DATA PROVIDED -
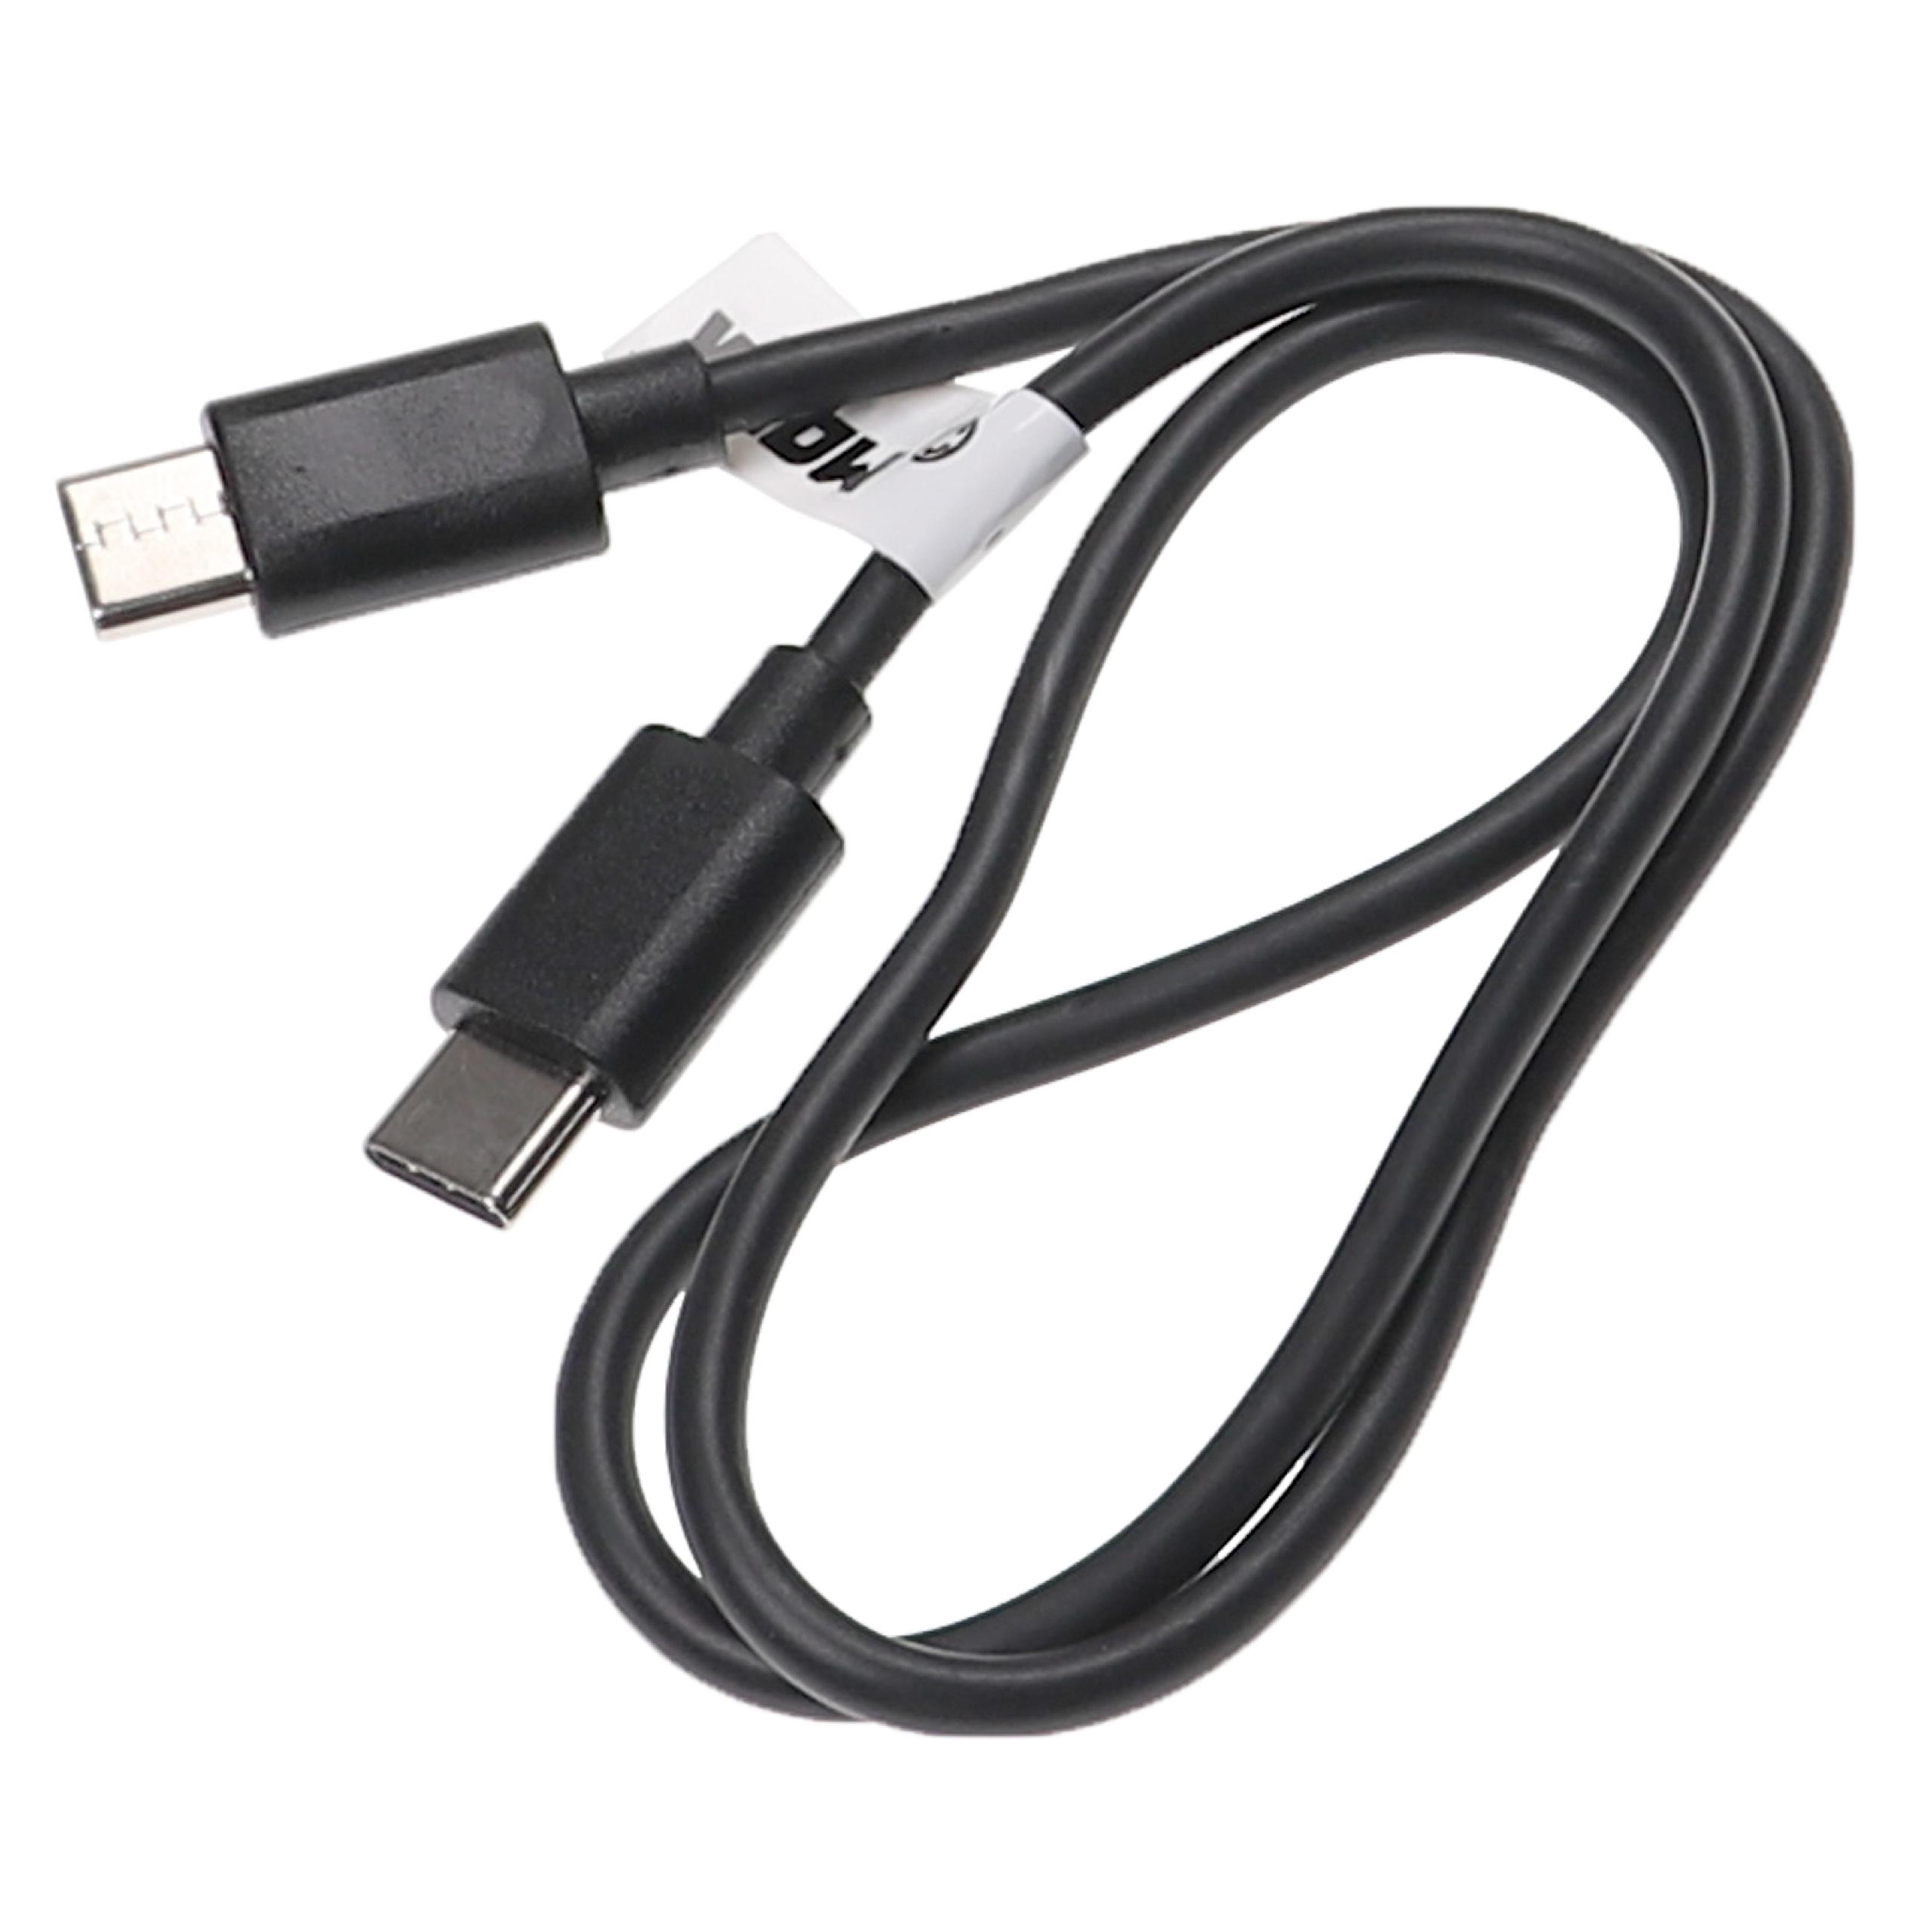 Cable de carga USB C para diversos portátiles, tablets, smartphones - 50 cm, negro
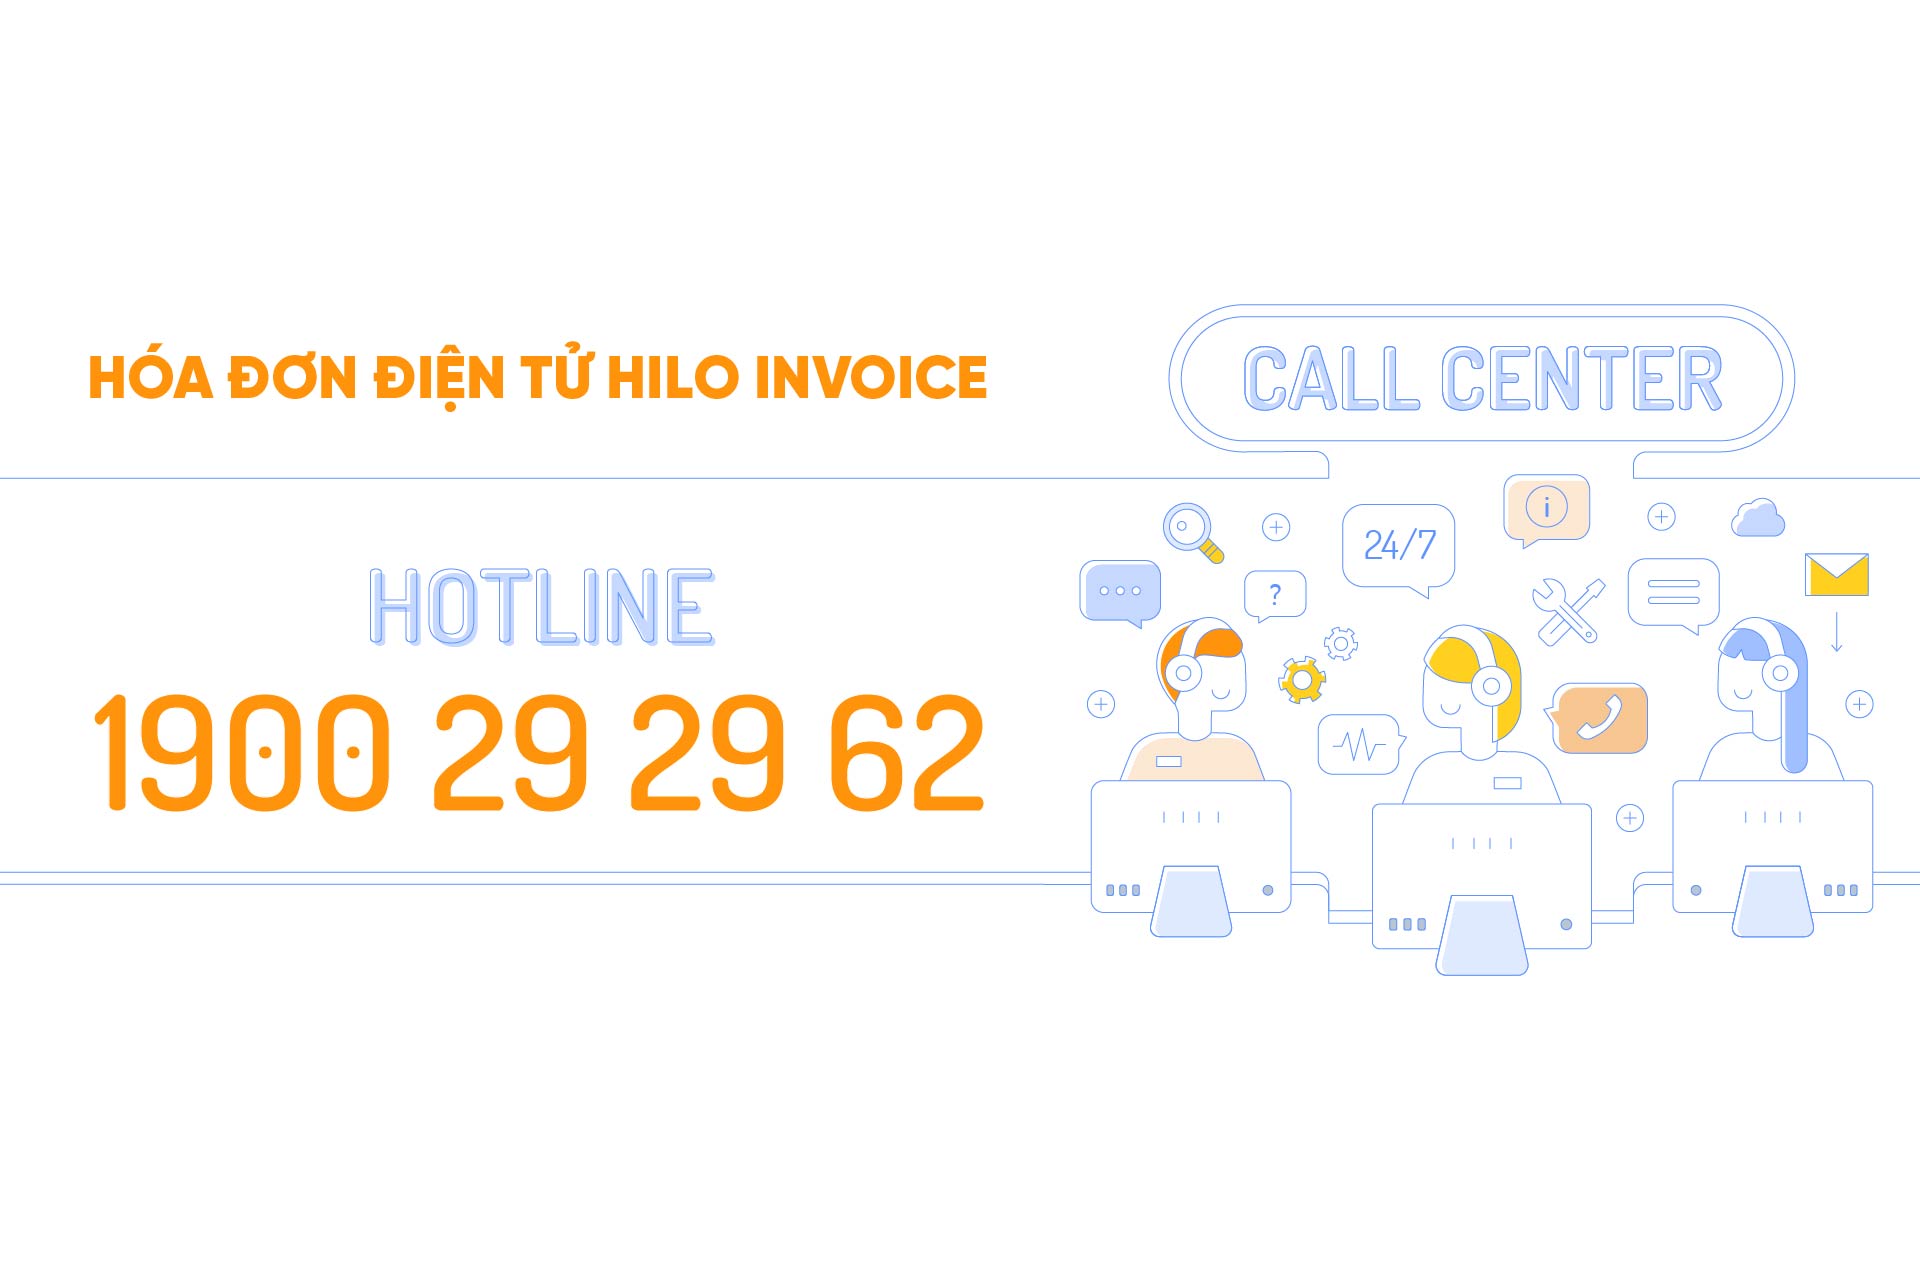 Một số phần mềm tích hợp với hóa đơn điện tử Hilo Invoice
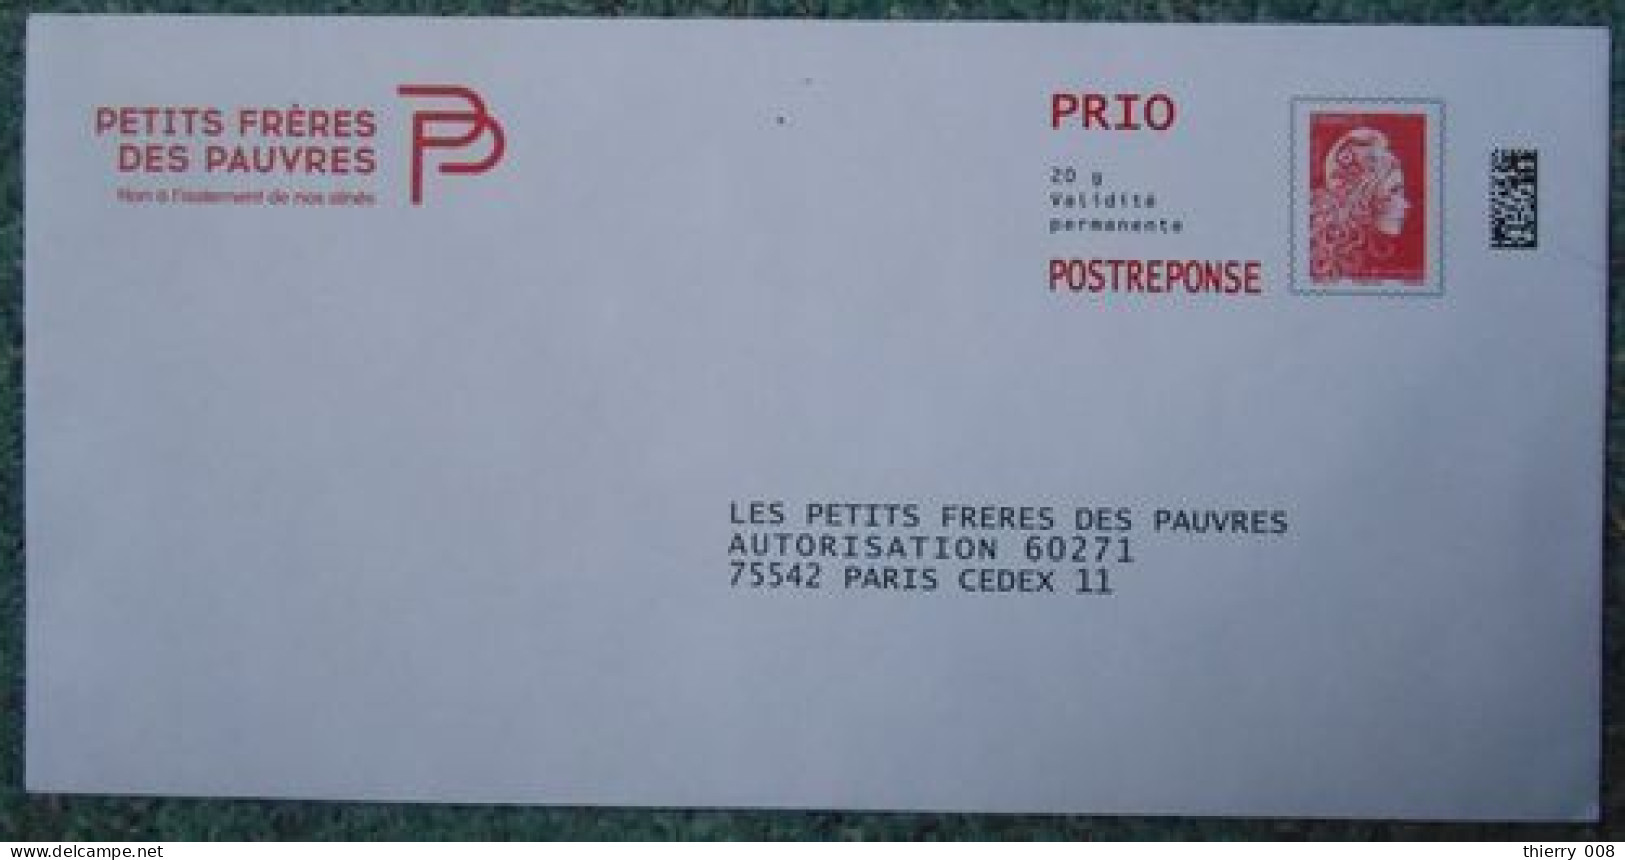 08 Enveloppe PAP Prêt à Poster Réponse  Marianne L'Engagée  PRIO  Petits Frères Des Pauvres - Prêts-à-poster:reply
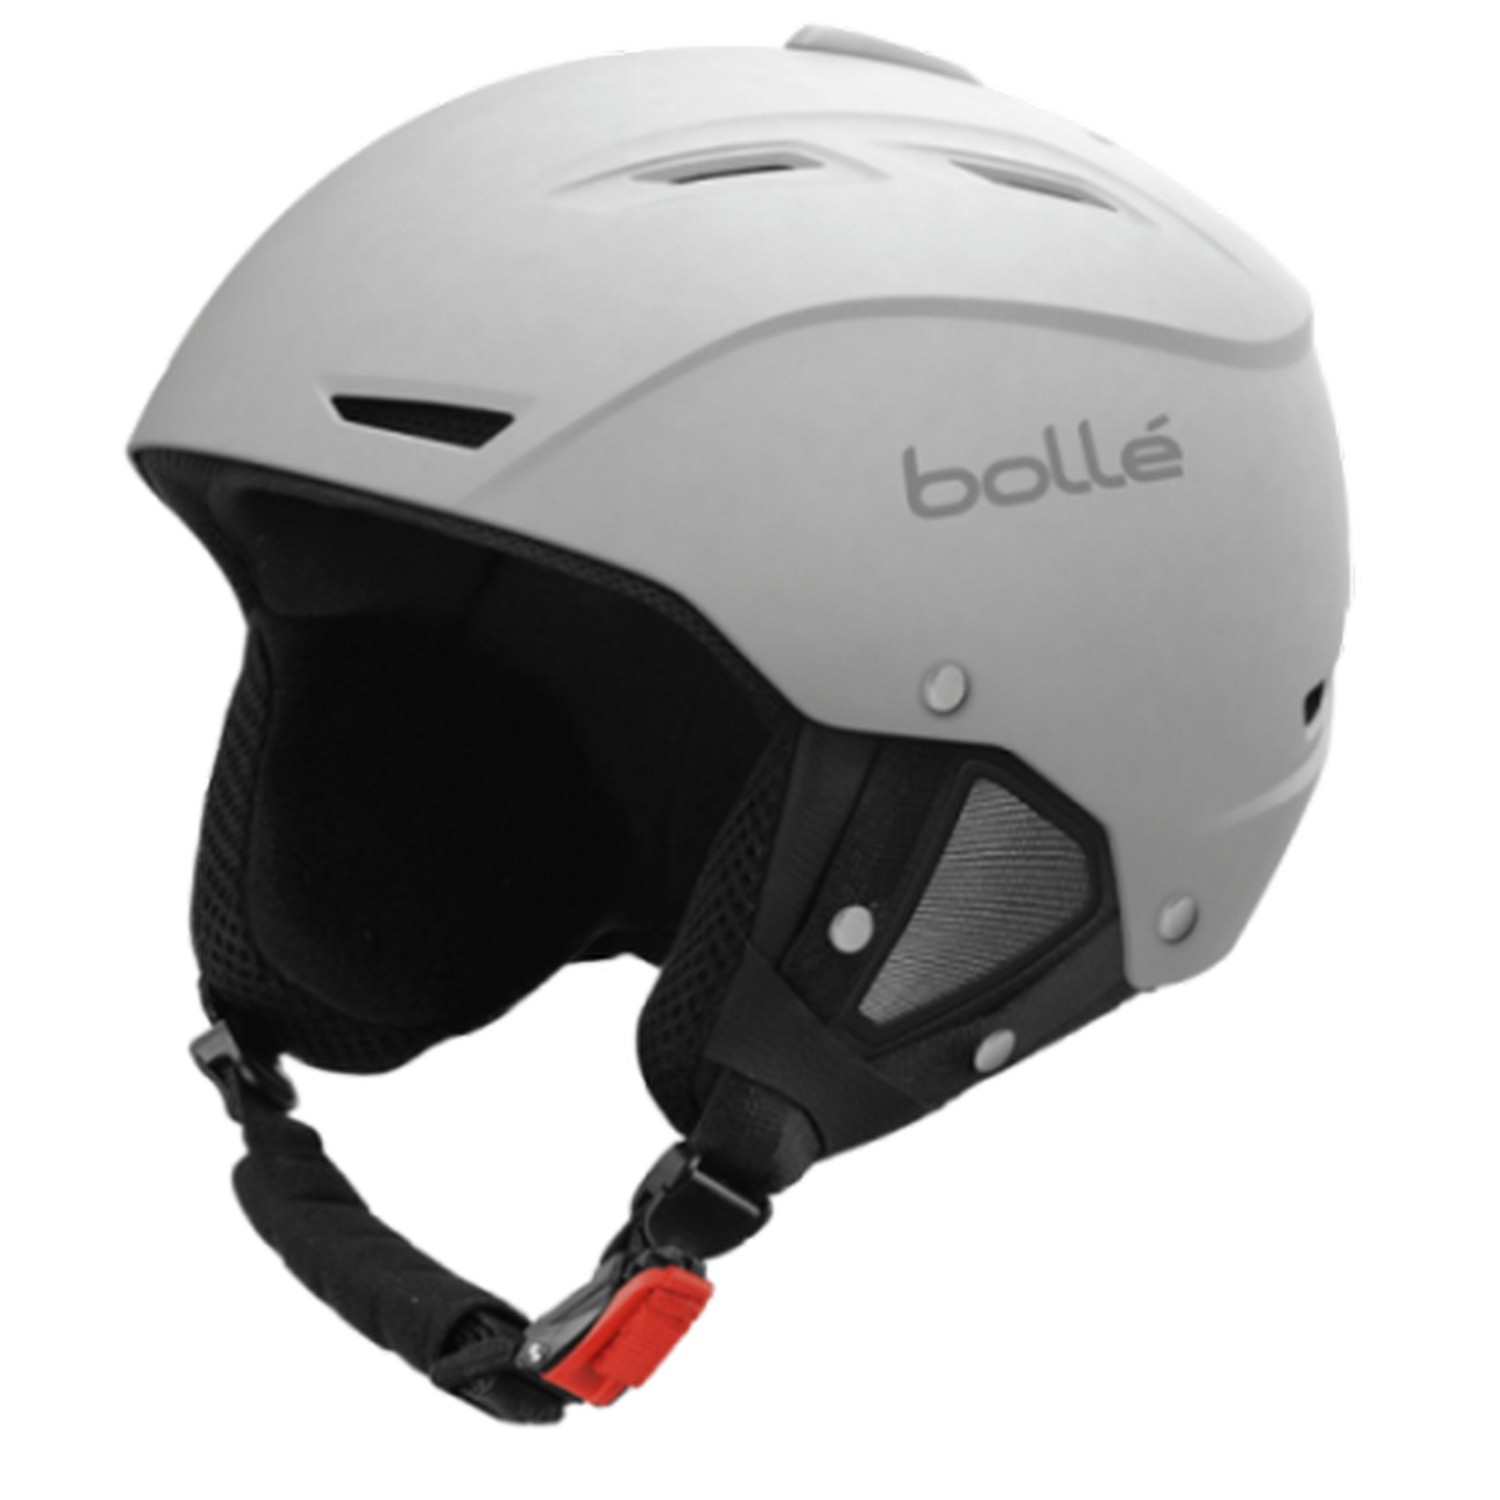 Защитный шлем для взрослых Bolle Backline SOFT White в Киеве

WHAT THE TASK ASKS - Transcribe the preceding listing in its entirety and with exact wording, leaving out pictures.

RESPONSE FOR THIS EXERCISE -
 Cable de carga USB C para diversos portátiles, tablets, smartphones - 50 cm, negro
 Một số phần mềm tích hợp với hóa đơn điện tử Hilo Invoice
 08 Enveloppe PAP Prêt à Poster Réponse  Marianne L'Engagée  PRIO  Petits Frères Des Pauvres - Prêts-à-poster:reply
 Защитный шлем для взрослых Bolle Backline SOFT White в Киеве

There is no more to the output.